• EXERCISE BRIEF
In the listing below, find the line containing "Anisah Coffee Kapsül" and the line containing "Zarząd Powiatu Pruszkowskiego". Repeat exactly those two lines and every line between them, nothing more.

• SUPPLIED MATERIAL

○ ○ ○ ○ ○

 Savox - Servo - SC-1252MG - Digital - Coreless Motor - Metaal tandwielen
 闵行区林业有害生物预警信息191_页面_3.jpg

○ ○ ○ ○ ○

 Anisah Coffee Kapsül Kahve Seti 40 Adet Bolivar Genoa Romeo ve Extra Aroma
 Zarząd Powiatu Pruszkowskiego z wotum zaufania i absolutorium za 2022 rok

○ ○ ○ ○ ○

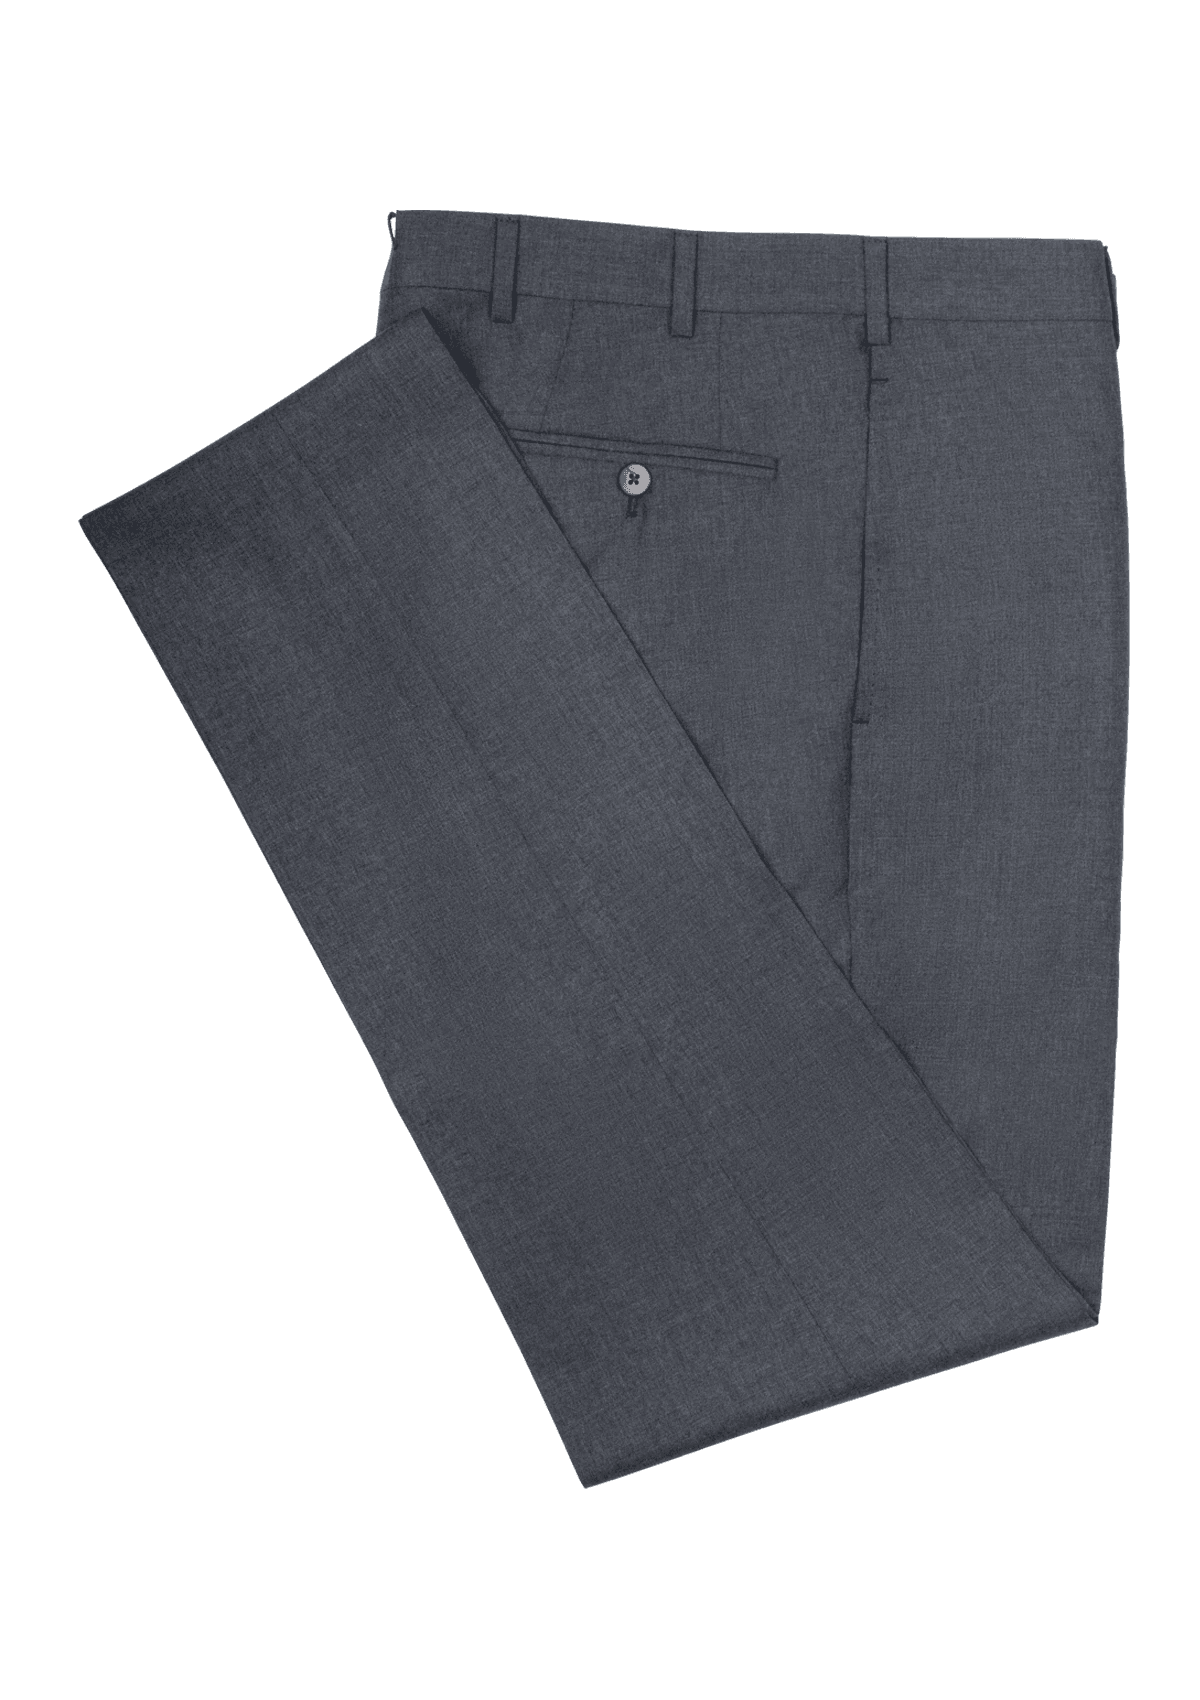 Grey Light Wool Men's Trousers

○ ○ ○ ○ ○

• WRITTEN REPLY
 Anisah Coffee Kapsül Kahve Seti 40 Adet Bolivar Genoa Romeo ve Extra Aroma
 Zarząd Powiatu Pruszkowskiego z wotum zaufania i absolutorium za 2022 rok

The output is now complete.